EXERCISE OBJECTIVE: Only the lines from the one that includes "Photo showing: The" through the last line below belong in the reply, copied exactly and without pictures.

INFORMATION SUPPLIED:
____________

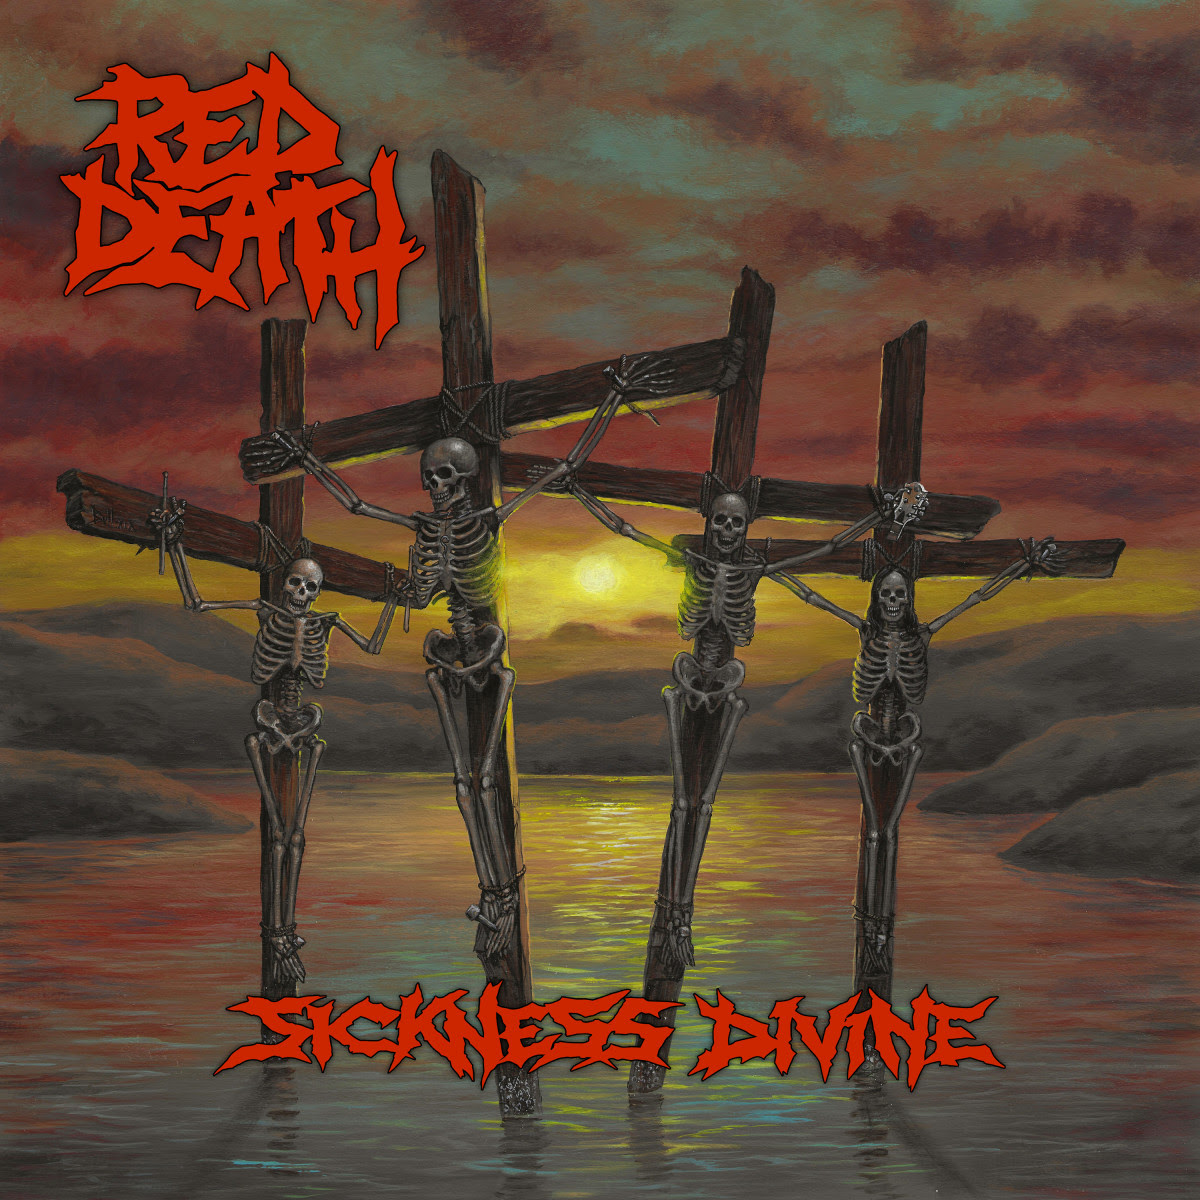 RED DEATH – ascolta il primo singolo “Face The Pain”; disponibile il preorder del nuovo album
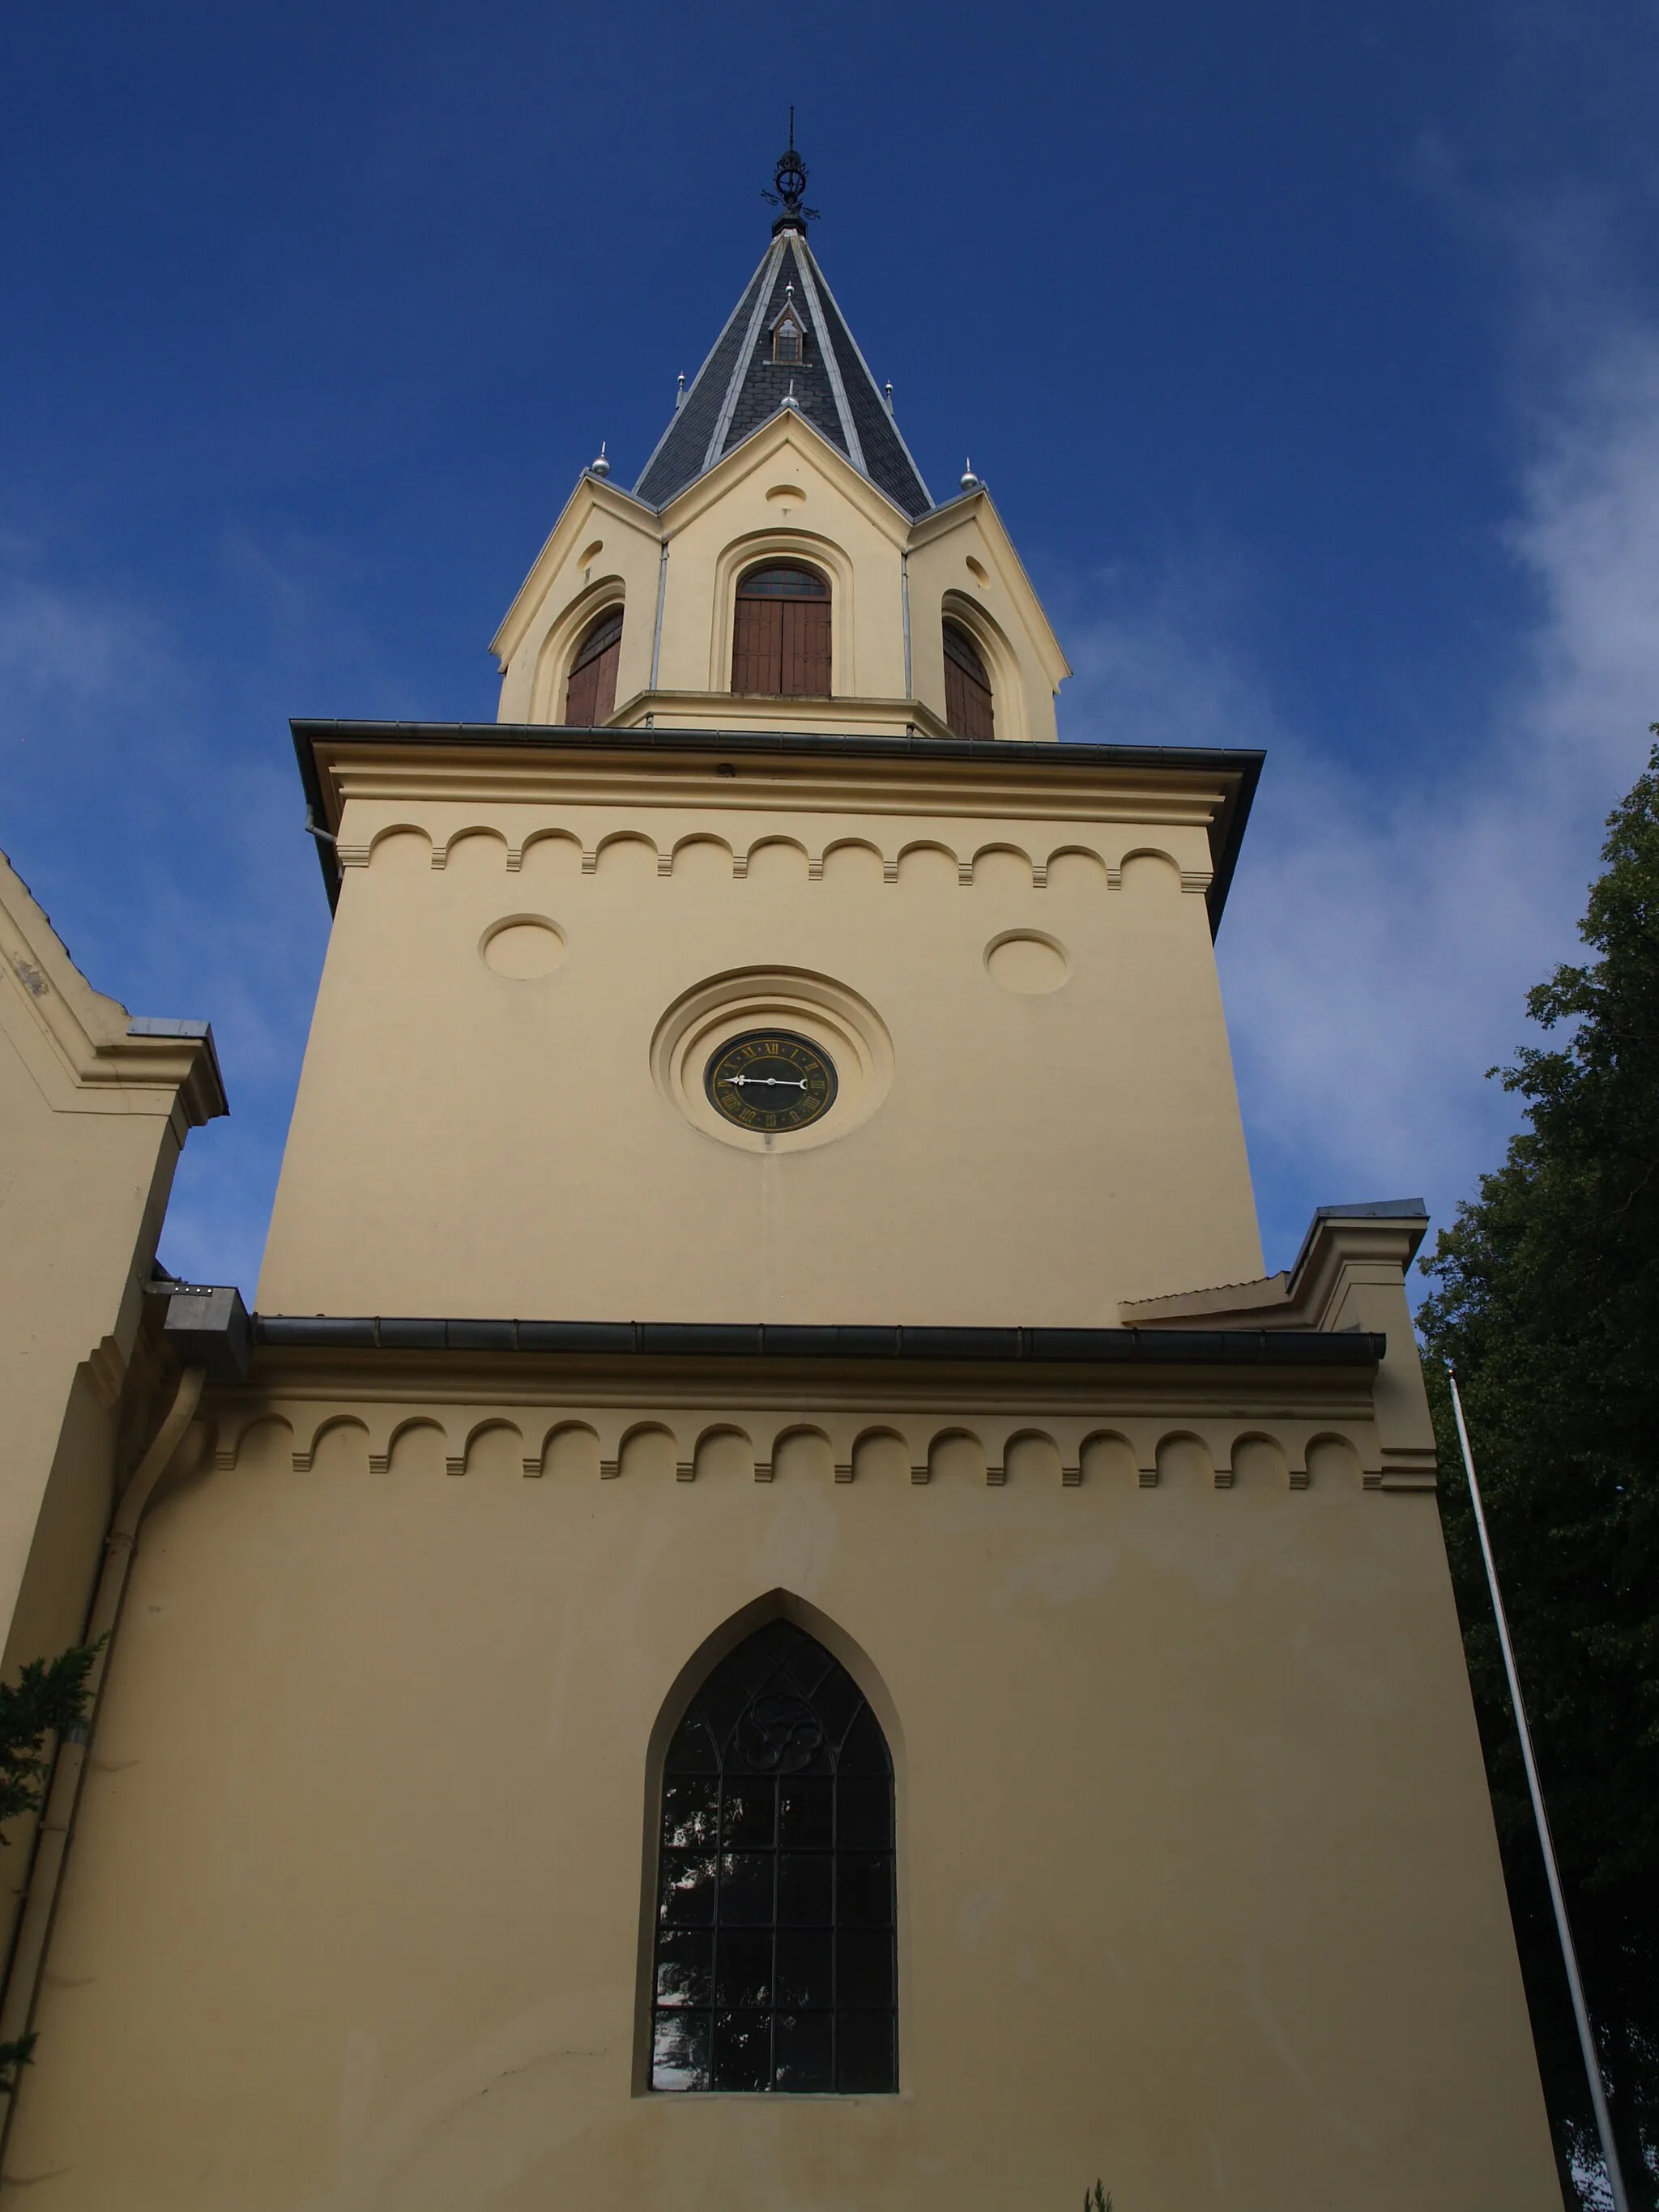 Photo showing: The church in Tranekær on Langeland island, Denmark
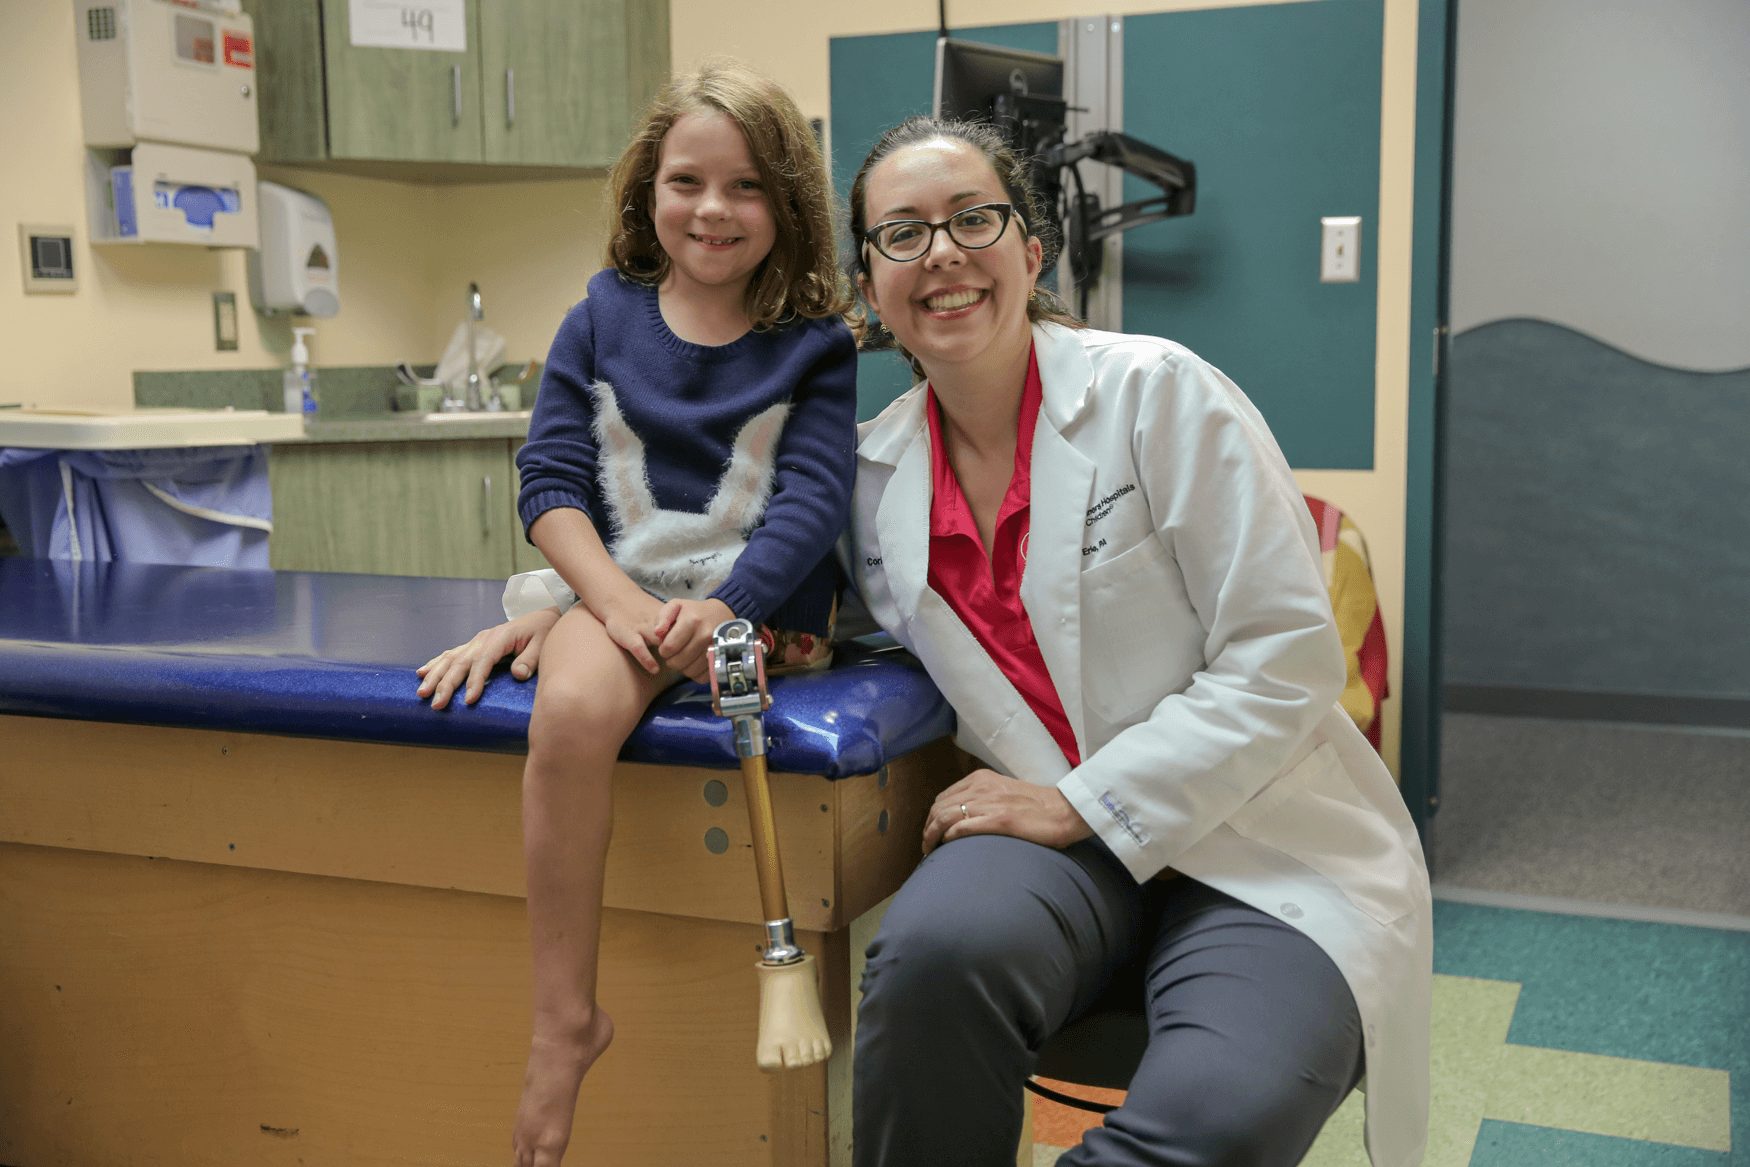 Girl Shriners patient with prosthetic leg smiles alongside female doctor

____________

TASK OUTPUT:
 Photo showing: The church in Tranekær on Langeland island, Denmark
 Girl Shriners patient with prosthetic leg smiles alongside female doctor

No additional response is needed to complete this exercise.